---
title: "Palmer Penguins — three-species classification"
author: "Aparna Pandey and Stephan Peischl"
format:
html:
toc: true
code-tools: true
engine: knitr
---
```{r setup, include=FALSE}
knitr::opts_chunk$set(echo = TRUE, message = FALSE, warning = FALSE)
library(palmerpenguins)
library(dplyr)
library(ggplot2)
library(GGally)
library(nnet)
library(rpart)
library(rpart.plot)
library(tidymodels)
library(tidyr)
theme_set(theme_classic())
```
# Overview
Here we treat **`species`** as a **three-level** outcome (Adelie, Chinstrap, Gentoo) using **multinomial logistic regression** (`nnet::multinom`) and a **multiclass classification tree** (`rpart`). This complements the **binary** Adelie-vs-Gentoo notebook (`penguins-classification.Rmd`). For **metrics and multiclass intuition** on the site, see [Module 06](../modules/module-06-evaluation-and-interpretability.qmd).

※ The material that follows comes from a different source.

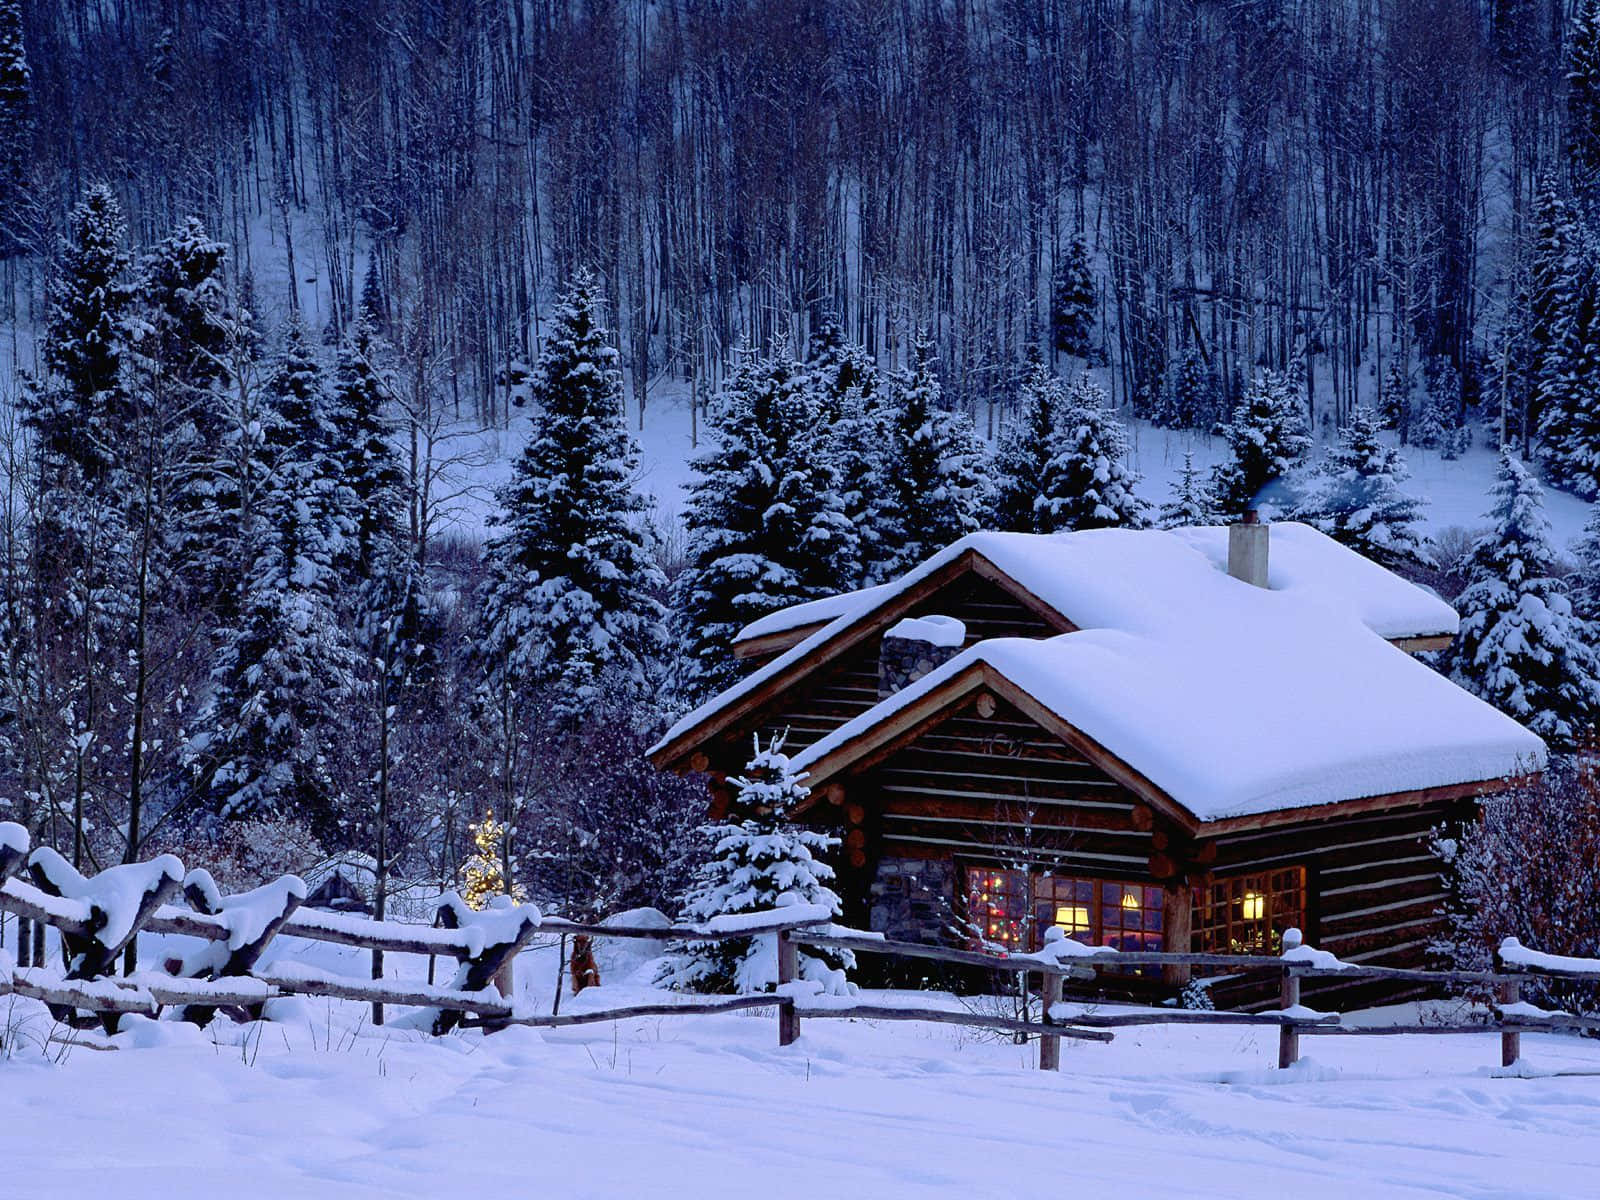 Breathtaking Winter Wonderland
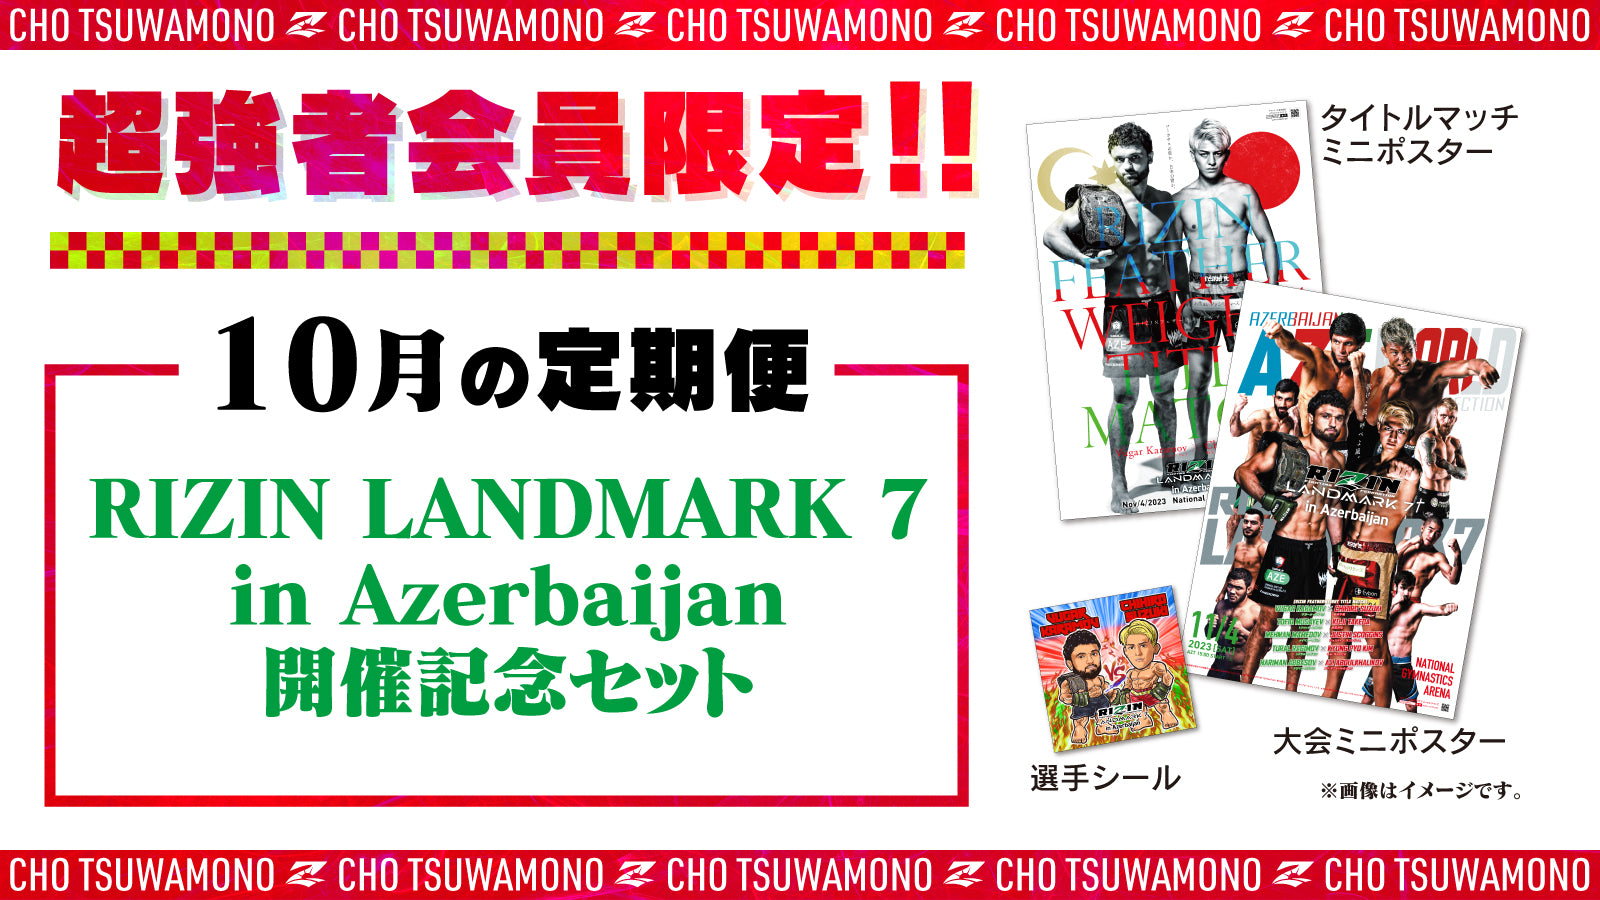 10月は「RIZIN LANDMARK 7 in Azerbaijan 開催記念セット」をお届け

See **[Palmer Penguins data card](../data/cards/palmer-penguins.qmd)**.
## Prepare data
```{r}
data("penguins", package = "palmerpenguins")
pg <- penguins |>
tidyr::drop_na(species, bill_length_mm, bill_depth_mm, flipper_length_mm, body_mass_g, island, sex, year) |>
mutate(
species = droplevels(species),
year = as.numeric(year)
)
table(pg$species)
nrow(pg)
```
## Pair plot (measurements + island, coloured by species)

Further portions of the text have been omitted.